I made slow feeder nets out of baling twine. Hole size about 2" for the somewhat coarse oat hay we feed. Have them hanging on the fence posts. 
Cost :O
Work time: 1 hour

I have different sizes, one for about 6lbs, one 10lbs and one 25lbs.


----------



## HarleyWood (Oct 14, 2011)

i wanted something easy where in the morning when rushing before school i can throw some in all and leave and not spend time dealing with hay bags or something.


----------



## AndersonEquestrian (Sep 25, 2012)

I think the best way to feed hay is to get some rubber mats and put them in their shelter.. It's healthier for the horse to eat off the ground than up high. They don't salivate enough to break down the hay. It can cause impaction colics.


----------



## HarleyWood (Oct 14, 2011)

their 'shelter' is our barn. so they cant really eat inside i dont want the arena full of hay.


----------



## Spotted (Sep 19, 2012)

I have found that 2" hole, they can still eat it fast, 1.5 is best.
I use a round bale feeder ( you can also make your own out of the Black PVC) and then I put the round bale net over top. Works awesome takes them double the amount of time to eat it. And no mess.
This way that can't take huge mouth fulls.

I like the idea with hanging nets like the first photo, it would be much easier if your forking off a round bale and you can put more hay in than a regular slow feed bag. With the bags my guys eat it in 2 hrs, hanging off a tree.


----------



## deserthorsewoman (Sep 13, 2011)

My bags hang low. The 2" holes I need for the oat hay, which is very coarse and stiff. 
I have my horses right next to the house, and been watching them closely how they eat with the nets. Slow, way more breaks than when the hay is on the ground, way more. Consumption went from 25lbs per horse down to 17. I weighed the full nets and raked together and weighed what ended up on the ground, and that is way down too.

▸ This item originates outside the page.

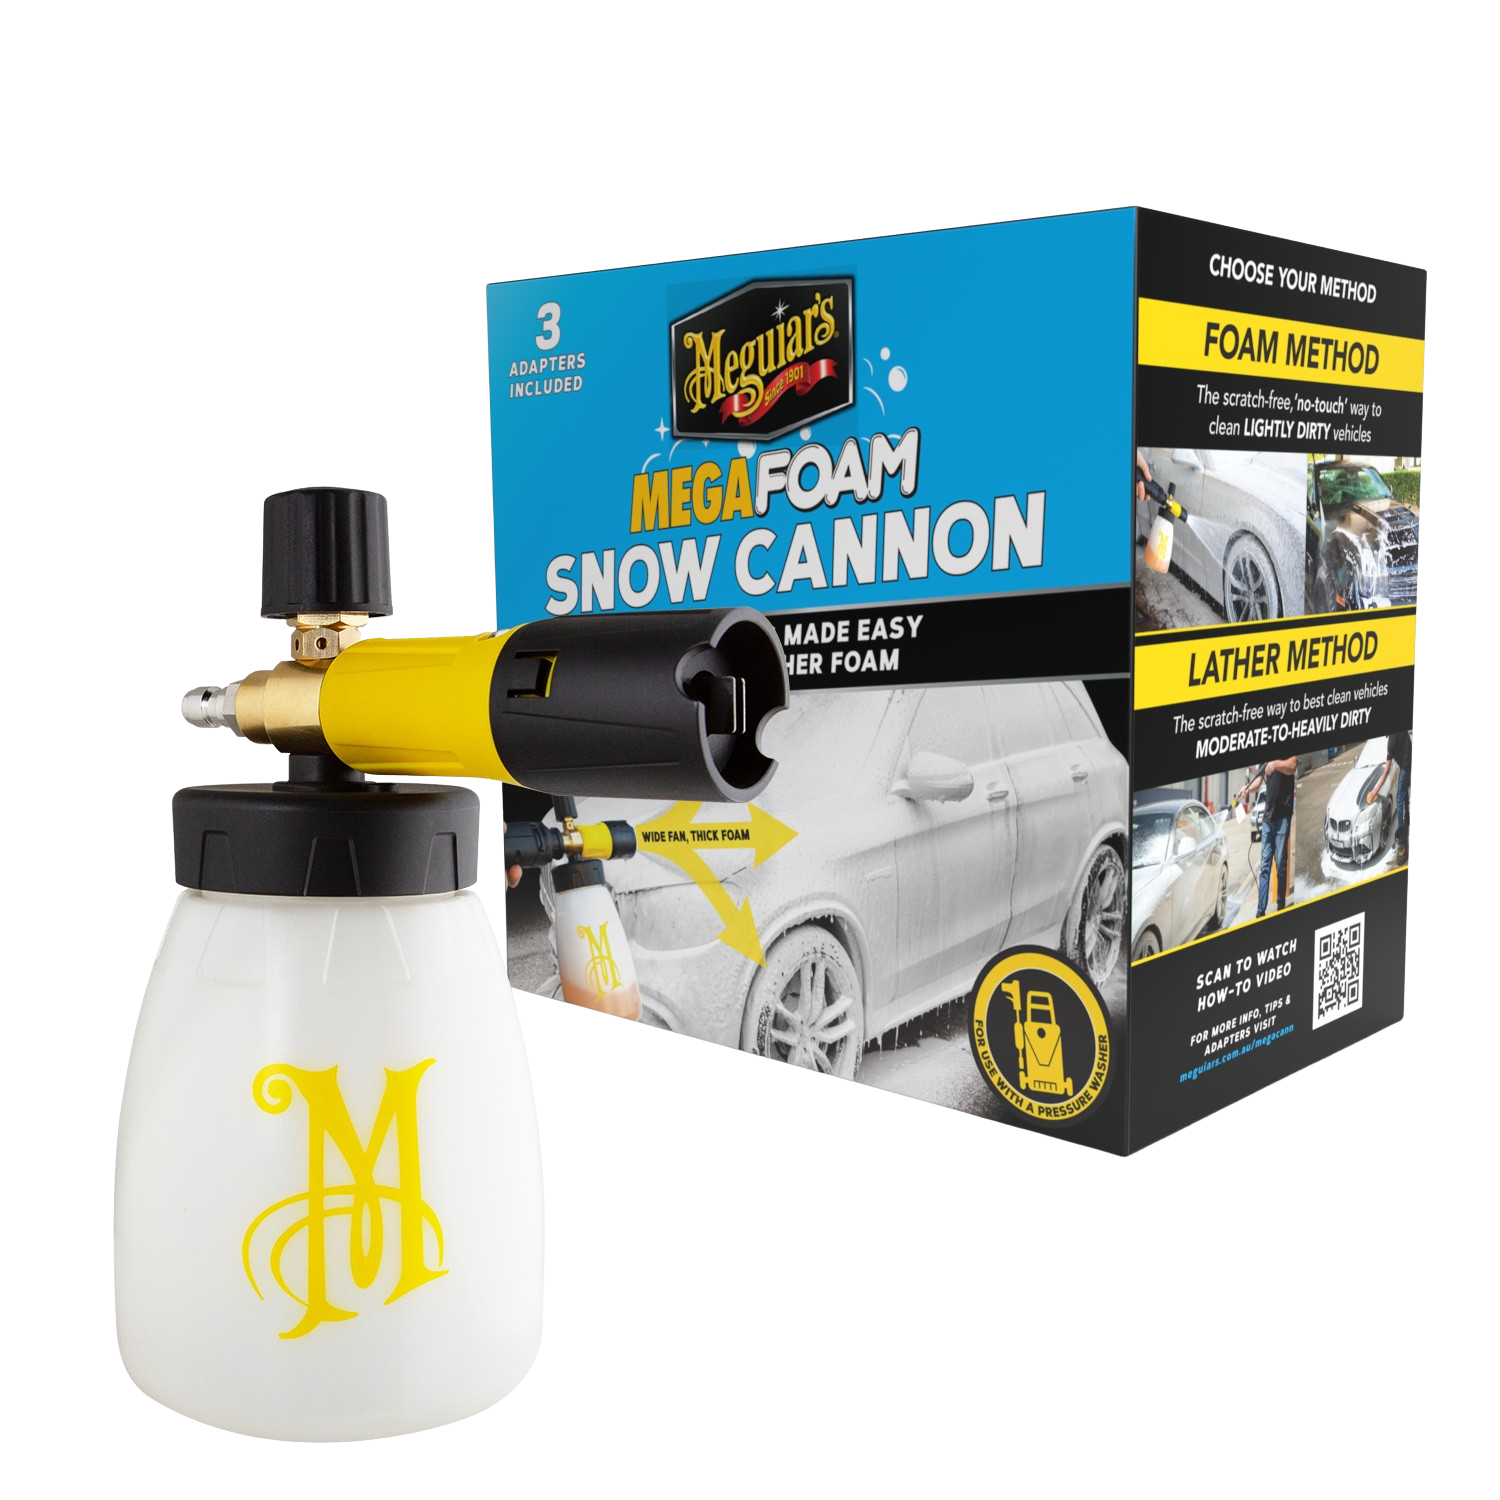 How to Use a Foam Cannon (The Snow Foam Mega Guide)

As for "just throw the hay in".... I have two sets of nets filled up so all I have to do is switch.


----------



## kitten_Val (Apr 25, 2007)

We made our own. So far so good (for 6 years already  ).


----------



## HarleyWood (Oct 14, 2011)

Kitten that looks pretty cool but we have a top hay feeder for small bales with a bucket on the bottom, and a big round bale feeder but they eat it soooo fast and i want to slow them down i would probley angle it more and lower it on the fence.


----------



## Bunnyville (Oct 4, 2012)

I was tired of wasting so much hay feeding on rubber mats and if I placed the hay in tubs the girls would just knock it out. I purchased two nibble nets, the 9 inch width with two inch holes. The horses loved them and I wasn't wasting any hay. The horses are kept busy and don't gobble up they hay as fast! I loved then so much I purchased the 12 inch width with 1/2 inch openings. Love these bags more! we have one eye hook in the wall, the staps hang through that at the top. We found securing the bottom with eye hooks and attaching the bag with double ended snaps keeps the bag secure without using a strap on the bottom. We hang them with the bottom slightly above the chest. Our mares have no difficulty eating from them and I have found hanging the this way has been safe! I open the top while it is hanging, put the hay in, snap and they can enjoy. These are not cheap, but the initial cost has been well worth it. Saving money with no hay waste.


----------



## Bunnyville (Oct 4, 2012)

*Hay Feeders*

I was tired of wasting so much hay feeding on rubber mats and if I placed the hay in tubs the girls would just knock it out. I purchased two nibble nets, the 9 inch width with two inch holes. The horses loved them and I wasn't wasting any hay. The horses are kept busy and don't gobble up they hay as fast! I loved then so much I purchased the 12 inch width with 1/2 inch openings. Love these bags more! we have one eye hook in the wall, the staps hang through that at the top. We found securing the bottom with eye hooks and attaching the bag with double ended snaps keeps the bag secure without using a strap on the bottom. We hang them with the bottom slightly above the chest. Our mares have no difficulty eating from them and I have found hanging the this way has been safe! I open the top while it is hanging, put the hay in, snap and they can enjoy. These are not cheap, but the initial cost has been well worth it. Saving money with no hay waste.


----------



## HarleyWood (Oct 14, 2011)

the only problem with open top feeder is that two of my geldings will try to get in the top and rip it out that way even if there is a big hole to eat out of. u would have to get 4 to 5 with anything so everyone can eat my horses will chase my moms horse off and he will get very little if there is three or four some days. i cant spend much as we still need to get more hay for the winter. we will be getting round bales but inbetween the bales if we cant get out there with another we use small bales and during the summer.


----------



## kitten_Val (Apr 25, 2007)

HarleyWood said:


> Kitten that looks pretty cool but we have a top hay feeder for small bales with a bucket on the bottom, and a big round bale feeder but* they eat it soooo fast *and i want to slow them down i would probley angle it more and lower it on the fence.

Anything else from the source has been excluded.